Posted by: McQ on Saturday, August 16, 2008

If you ask the Georgian government, not so well. And the sovereignty thing? Fuggitaboudit:
Georgia's Foreign Ministry said late Saturday that Russian-backed separatists from the province of Abkhazia have seized a power plant and 13 villages in Georgia.

A ministry statement said Russian army units and separatist militants shifted the border of breakaway Abkhazia toward the Inguri River. It says they set up temporary administration in 13 villages and put the Inguri hydropower plant under separatist control.
You remember the Russian Foreign Minister's pronouncment about Georgian sovereignty, don't you? Two words sums it up nicely - "forget it".
Earlier Saturday, Russian President Dmitry Medvedev signed a cease-fire agreement with Georgia, a day after Georgian President Mikheil Saakashvili reluctantly signed the plan that calls for Russian troops to pull back, but that also grants them limited patrols inside Georgia.
Anyone doubt that those 13 villages will remain under the effective control of Russia Abkhazia?

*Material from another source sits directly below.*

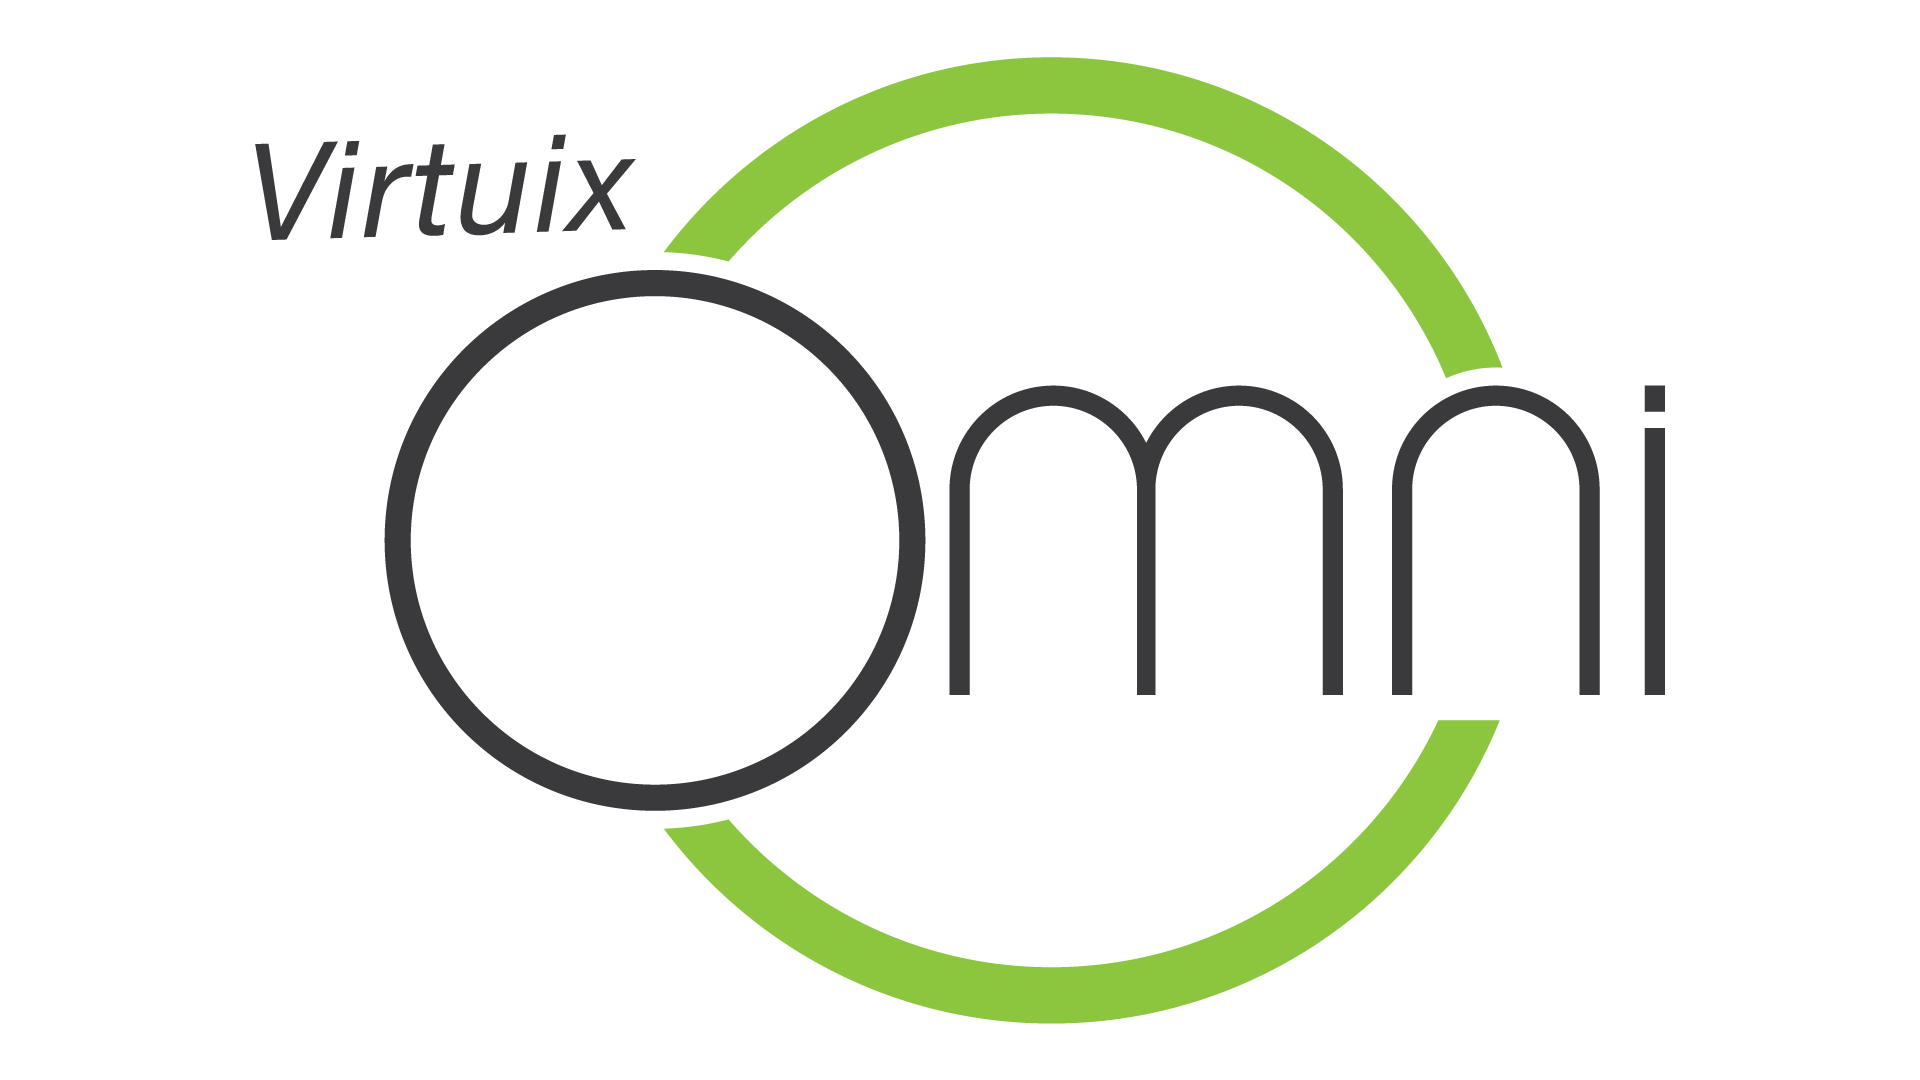 Virtuix-Omni-Logo.png

Consider what the conditions of the cease fire are:
Rice consulted with Saakashvili about details of the cease-fire, which requires Russia to withdraw its combat forces from Georgia but allows Russian peacekeepers to remain in the breakaway region of South Ossetia and conduct limited patrols outside the region.

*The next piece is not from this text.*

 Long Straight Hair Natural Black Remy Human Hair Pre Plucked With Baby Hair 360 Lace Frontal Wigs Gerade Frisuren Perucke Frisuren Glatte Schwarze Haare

The draft document also does not commit Russia to respecting Georgia's territorial integrity, but rather refers to Georgian independence and sovereignty, meaning Moscow does not necessarily accept that South Ossetia and the other rebel region Abkhazia, are Georgian.

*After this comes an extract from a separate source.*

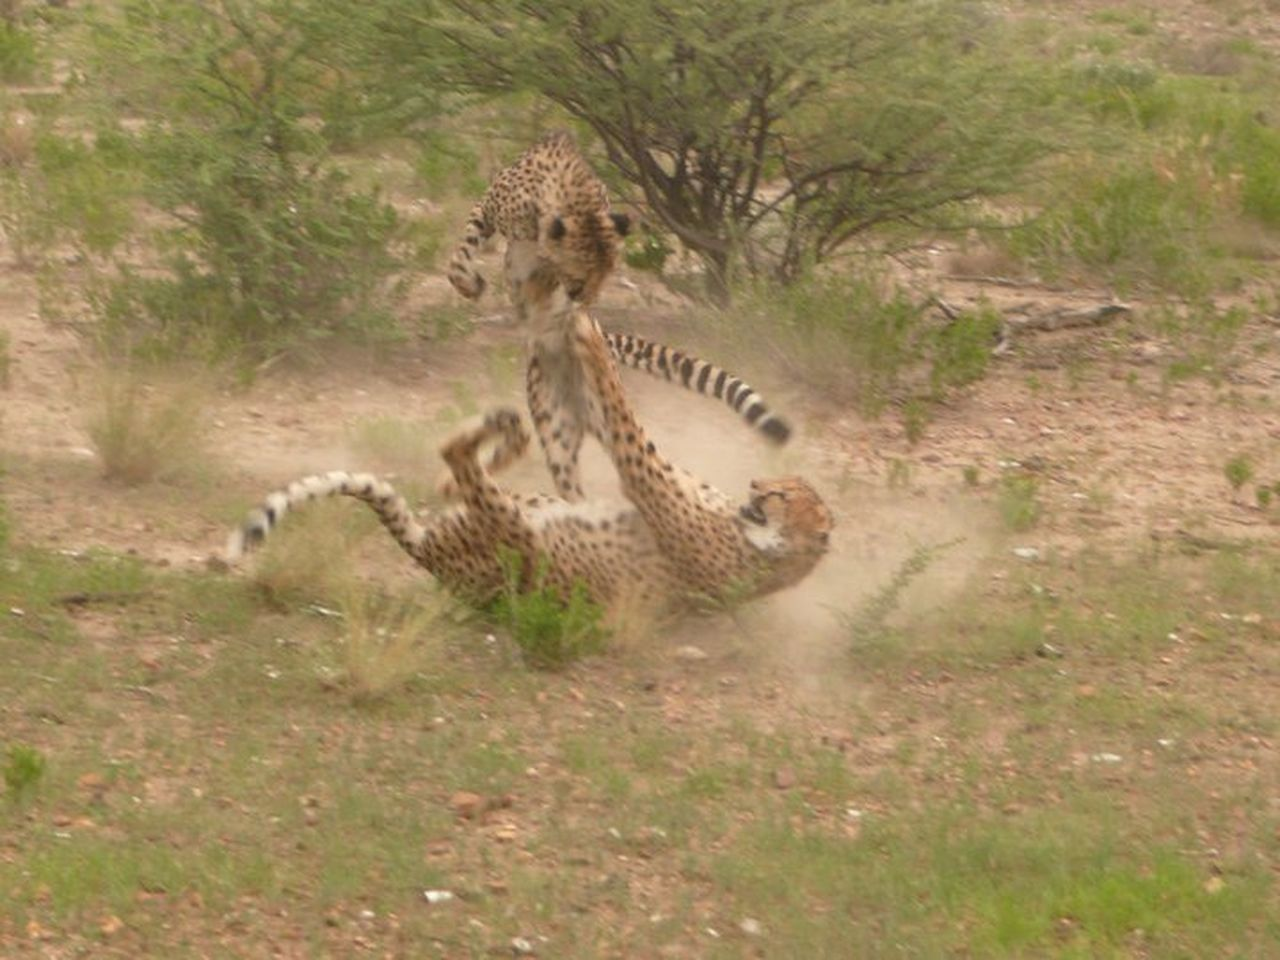 animals in the wild, animal themes, one animal, grass, mammal, field, wildlife, animal wildlife, day, nature, outdoors, no people, animal markings, full length, safari animals, cheetah

Officials say the eventual status of the two areas will be worked out under existing United Nations Security Council resolutions which recognize Georgia's international borders and Abkhazia and South Ossetia as Georgian.

The U.S. and its allies had been pushing for Russia to agree to restore the situation in Georgia to the status quo ante, or how it stood before Georgian troops moved into South Ossetia last week prompting Russia's severe response and seven days of bloodshed.

Now they have been forced to back down on the key issues of the mandate of Russian peacekeepers in South Ossetia, which did not previously include outside patrols, and the territorial integrity question, which Russia ostensibly accepted before but no longer does.

U.S. officials concede the agreement is not perfect but maintain it will get Russian combat troops out of Georgia, hopefully in a matter of days.

"It will be a major accomplishment for Georgia to get the Russians out of their country and back effectively to the status quo ante," Rice said.

In addition to the cease-fire document, Rice brought with her a letter signed by Sarkozy that clarifies the special security measures that Russian peacekeepers will be allowed to take on Georgian soil, officials said.
If ever there was an oxymoron in this situation, it is "Russian peacekeeper". If ever there was a garden variety moron in the situtation, it would appear to be the West. That is the best deal that could be brokered? My goodness that agreement essentially changes the status quo ante completely by giving the Russians everything they want.

If that's how we conduct diplomacy, my recommendation is we stick to waging war.